Stereoselective Reduction of Ethyl 4-Chloro-3-Oxobutanoate by a Microbial Aldehyde Reductase in an Organic Solvent-Water Diphasic System

Sakayu Shimizu 1,*, Michihiko Kataoka 1, Masaaki Katoh 1, Tadashi Morikawa 1, Teruzo Miyoshi 1, Hideaki Yamada 1
PMCID: PMC184736  PMID: 16348250

Abstract

Enzyme-catalyzed asymmetric reduction of ethyl 4-chloro-3-oxobutanoate in an organic solvent-water diphasic system was studied.

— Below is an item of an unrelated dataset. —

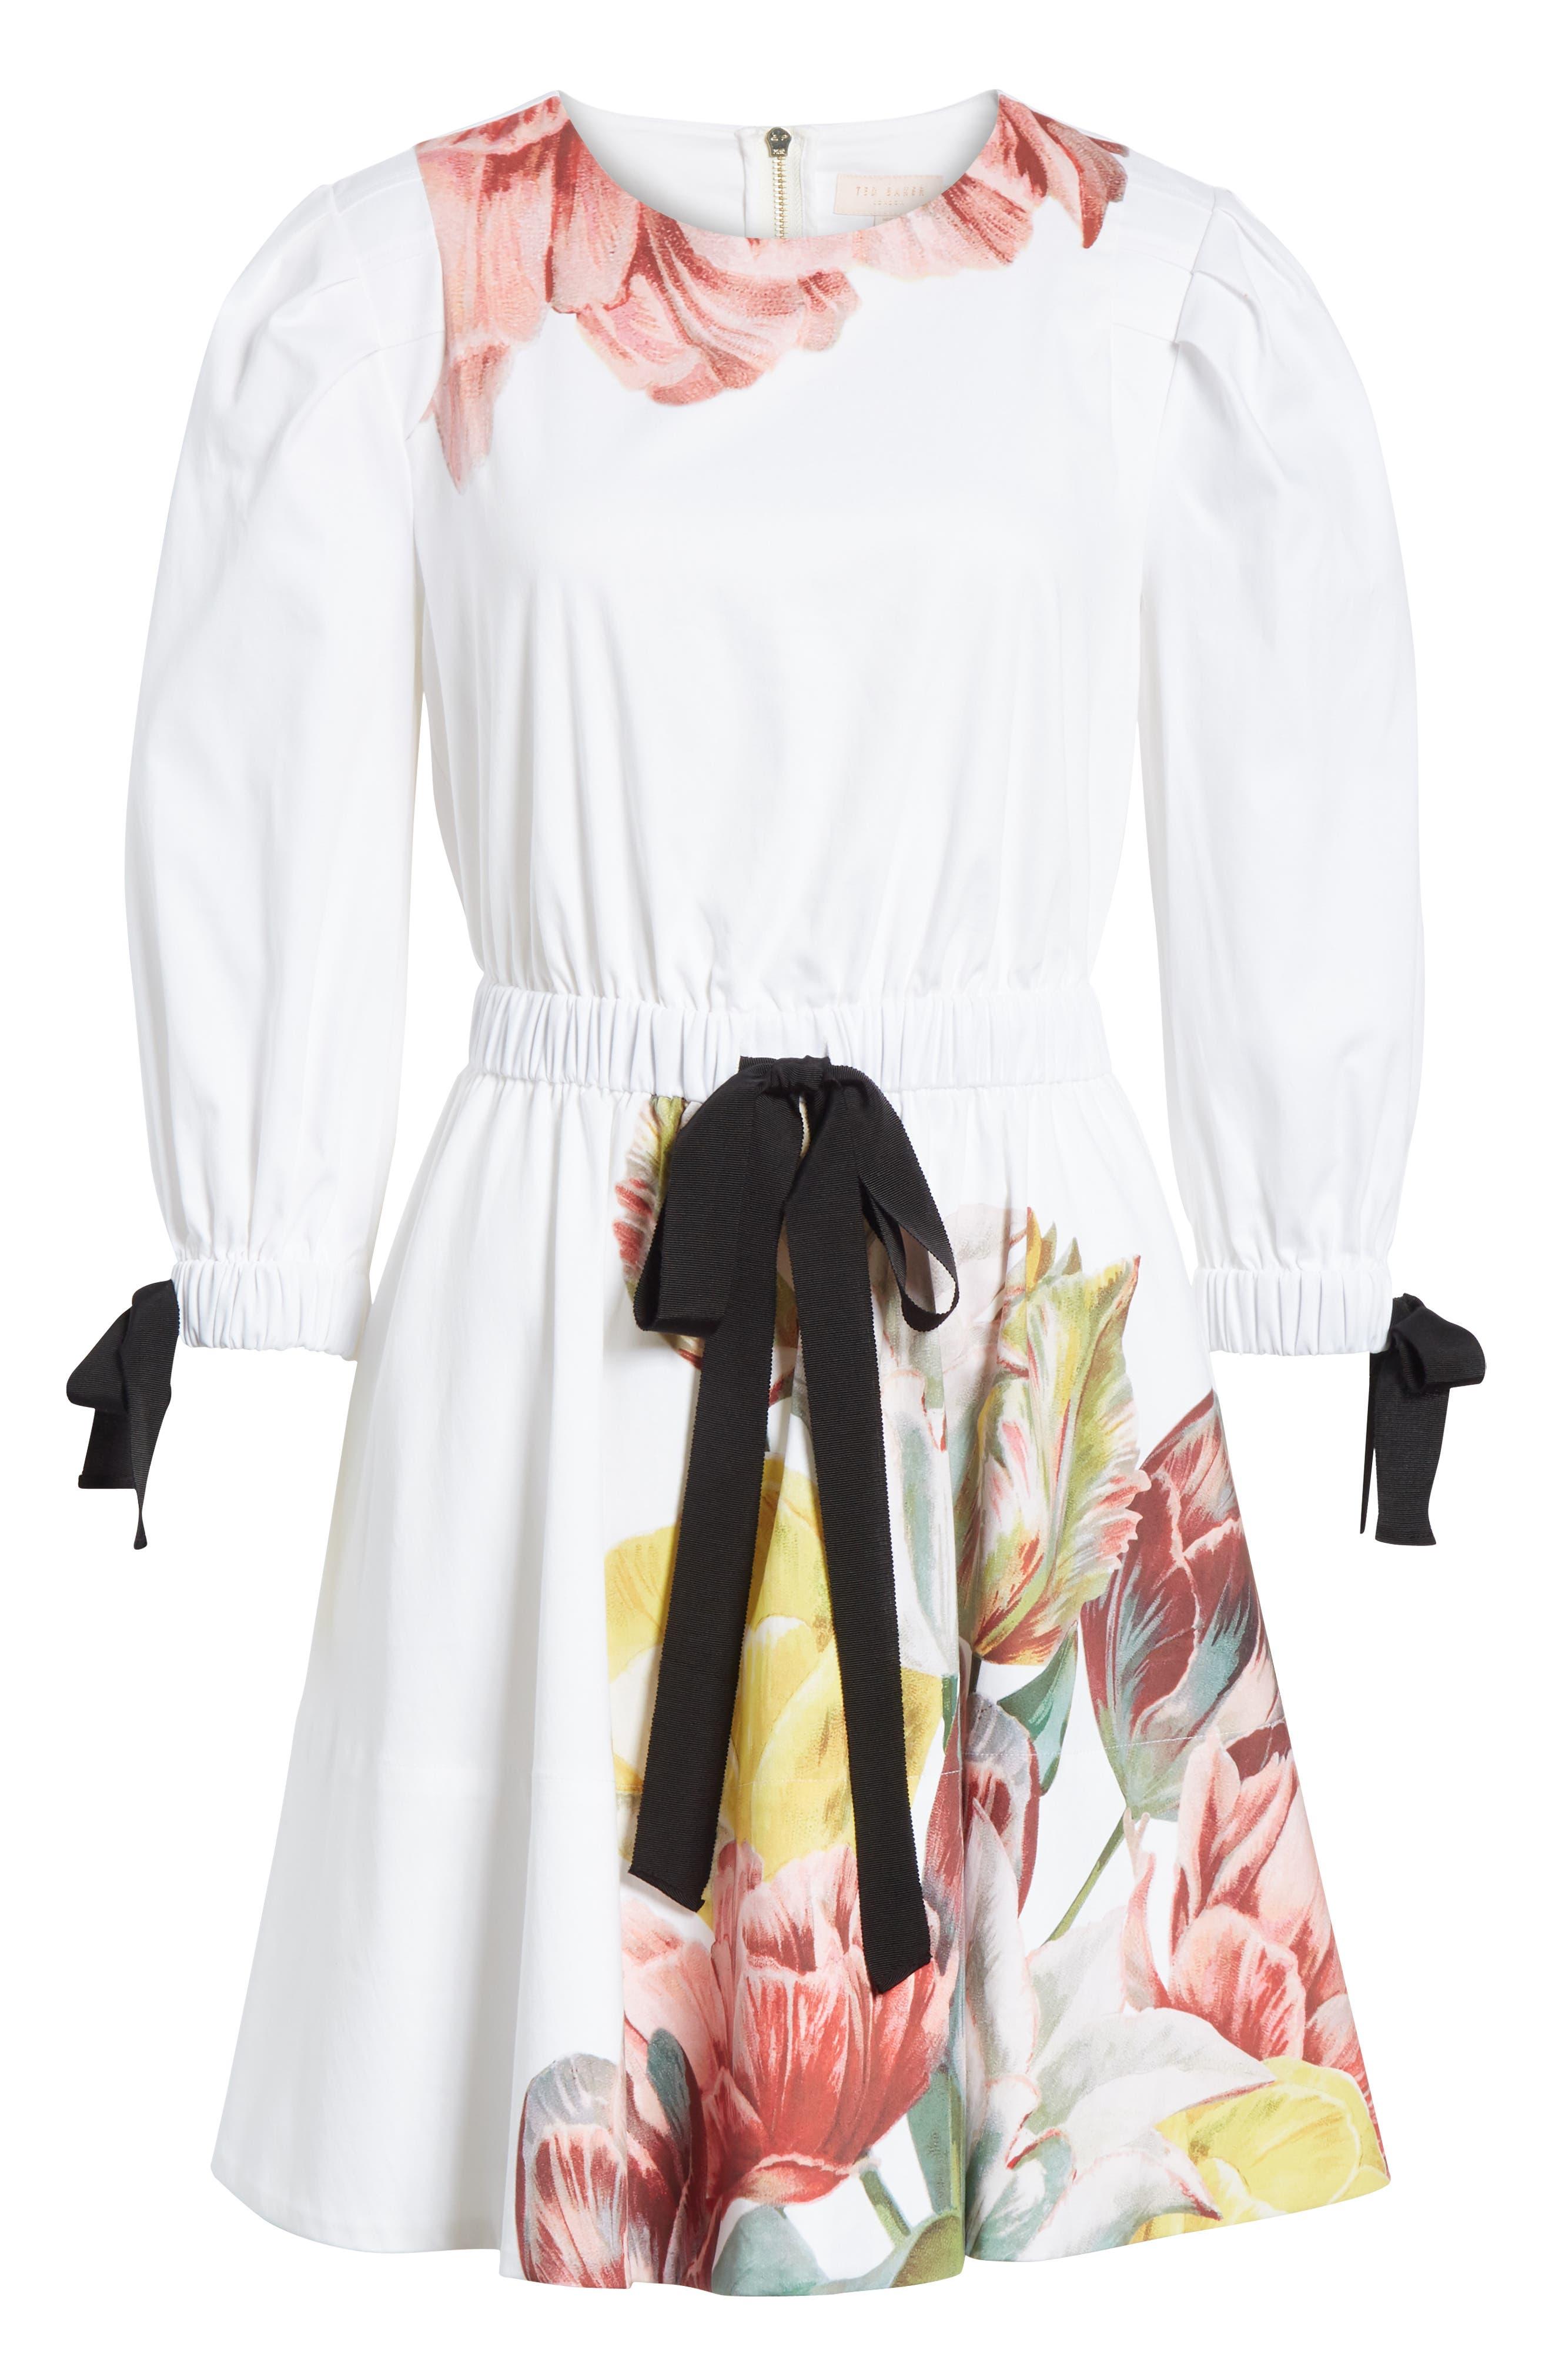 Tranquility Stretch Cotton Dress,                             Alternate thumbnail 6, color,                             110

NADPH-dependent aldehyde reductase isolated from Sporobolomyces salmonicolor AKU4429 and glucose dehydrogenase were used as catalysts for reduction of ethyl 4-chloro-3-oxobutanoate and recycling of NADPH, respectively, in this system. In an aqueous system, the substrate was unstable. Inhibition of the reaction and inactivation of the enzymes by the substrate and the product were also observed. An n-butyl acetate-water diphasic system very efficiently overcame these limitations. In a 1,600-ml−1,600-ml scale diphasic reaction, ethyl (R)-4-chloro-3-hydroxybutanoate (0.80 mol; 86% enantiomeric excess) was produced from the corresponding oxoester in a molar yield of 95.4% with an NADPH turnover of 5,500 mol/mol.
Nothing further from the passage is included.